Have you ever wondered why so frequently life insurance companies are also in the business of selling annuities? Well, the answer is quite simple. Life insurance companies take a huge risk in betting that you’ll live a very long time to pay your monthly premiums to ultimately collect a payout smaller than the sum of its parts. To counteract that risk, they also take bets that you’ll live a very short time via annuities, where you may only live a few years of time to receive payouts much smaller than the face value of your annuity.
For them, it’s just business. For you, well, it’s just business too. You have to decide which is a better investment, and how to allocate your money for each. The thing is, you only have a limited amount of money.
First you need to decide how much life insurance you should have. I should mention that many people are either grossly uninsured, or grossly overinsured. That is, having far too much or far too little insurance for their needs.
If you’re young, have a family, and a spouse that absolutely cannot live without your income then you need to have a lot of life insurance. Imagine, one day you just don’t wake up, you’re dead as a doorknob just a few years after buying a house—a purchase made on the premise of having two incomes. While for the first few days it will be an emotional strain as loved ones grieve, the next few decades will be even more difficult as your spouse struggles to pay for the expenses of a family without you.
In this case, you absolutely need to have enough life insurance to cover expenses for your children and living costs for your spouse. In many instances, couples get away with planning to have enough money to pay off the mortgage, cars and other debts, as well as college expenses for children and funeral costs. The good news is that because you’re young, buying enough insurance to cover it all will be insanely cheap.
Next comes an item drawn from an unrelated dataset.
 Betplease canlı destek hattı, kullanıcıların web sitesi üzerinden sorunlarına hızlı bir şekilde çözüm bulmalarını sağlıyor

However, if you’re older, or just in your twenties, buying too much life insurance is a huge problem. When you’re 65, you’re kids are out of the house and your home is paid off, there is little reason to have any more life insurance to pay for funeral costs. You might not even want to have that insurance at all!
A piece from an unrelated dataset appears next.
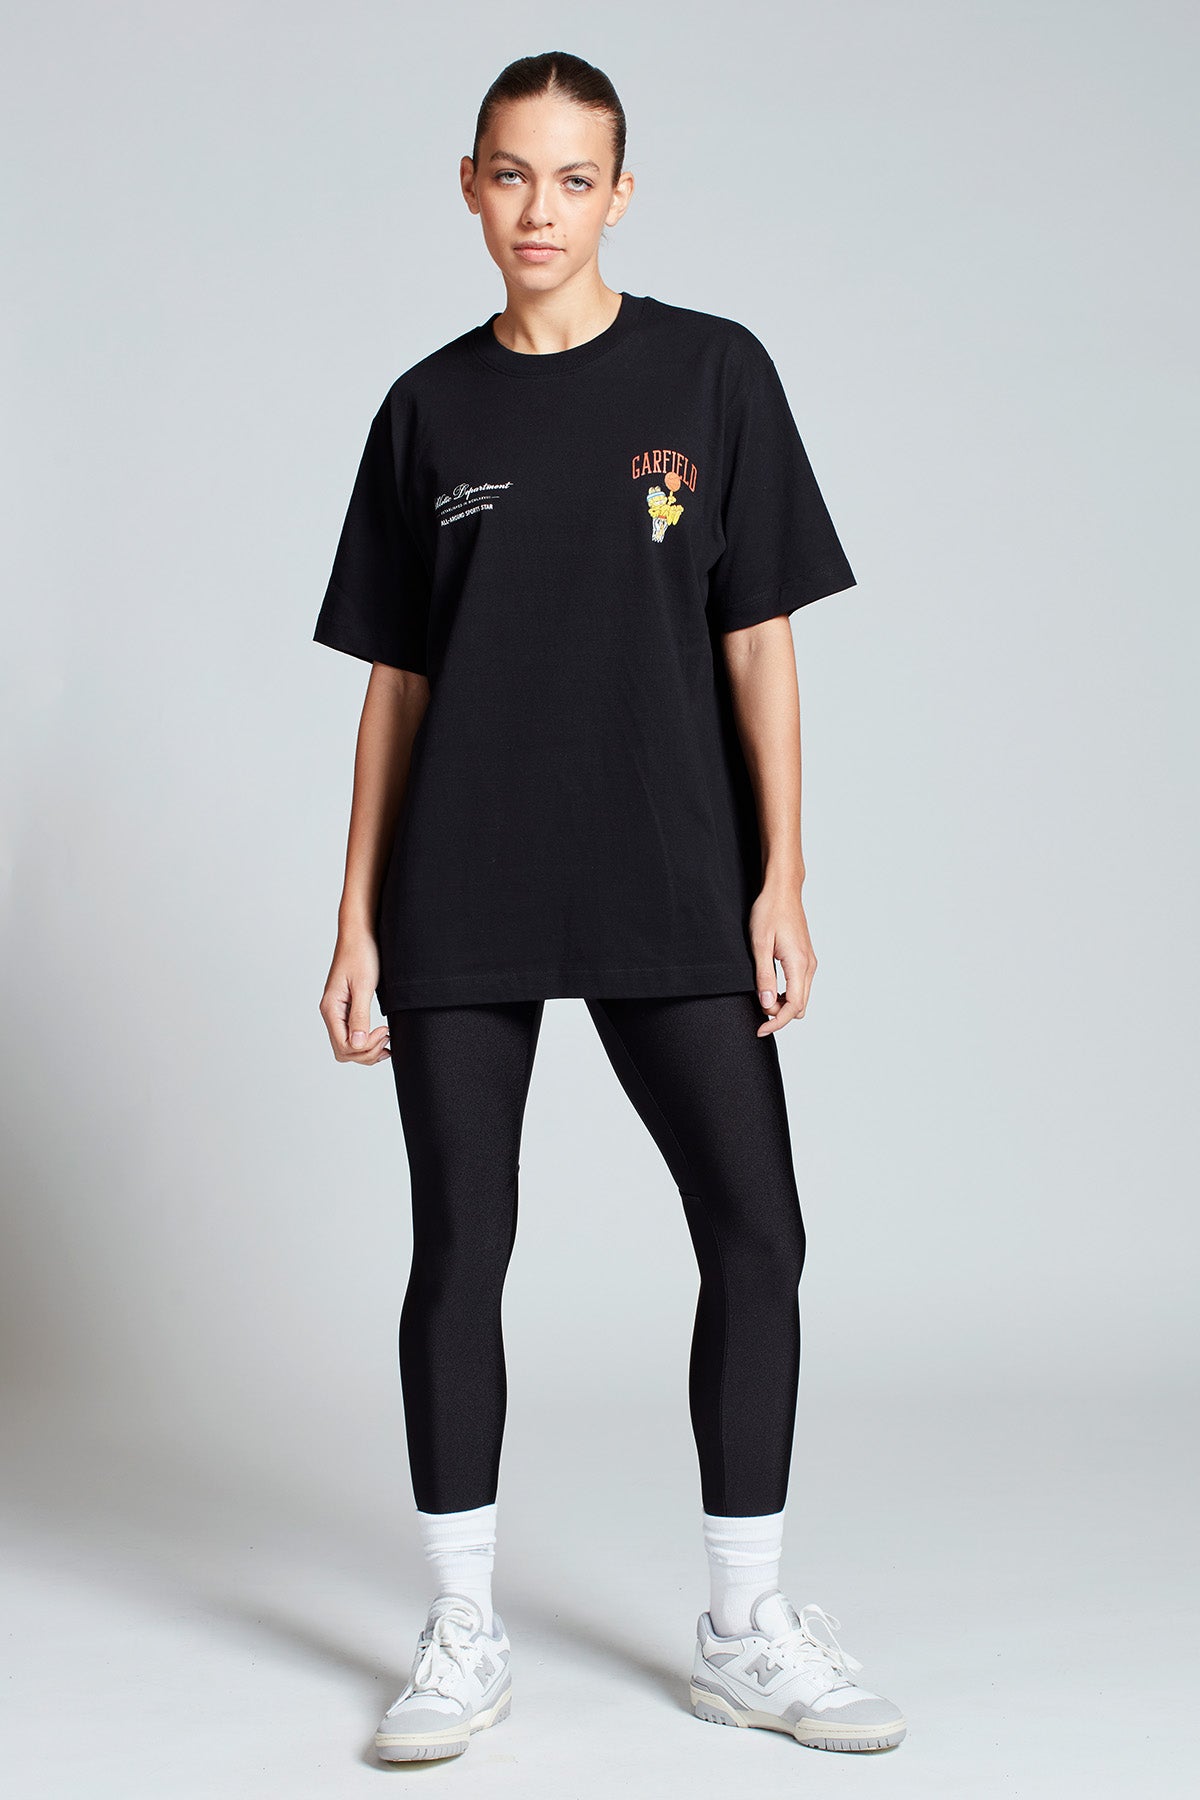 Garfield Sports Star T-shirt in Black

At 20, single, and searching to start your career, you probably want just enough to cover funeral expenses. Though be sure to ask mom and dad, you might already be covered by a policy they owned since your childhood.
Annuities are something that you should start thinking about as you near retirement age. Whereas life insurance was a really good deal as a 30 year old with a wife and kids, it isn’t any more. Now your best investment is in yourself, and your standard of living, until the day you die.
At this point, life insurance will be horribly expensive. So, if you haven’t yet covered the cost of an expected funeral, or haven’t preplanned, then you may want to seek out an insured annuity. With an insured annuity, you’ll get the remainder of your annuity’s balance at the end of your death. This is most often used to cover funeral and burial costs.
Your best bet is to reduce your life insurance while kicking up contributions made into a retirement plan or annuity. As you age and advance through the milestones of life, you should be reducing your total insurance needs and increasing your retirement planning. An annuity is an excellent replacement for monthly life insurance premiums and by the time you retire you’ll be more than happy you saved a few extra dollars.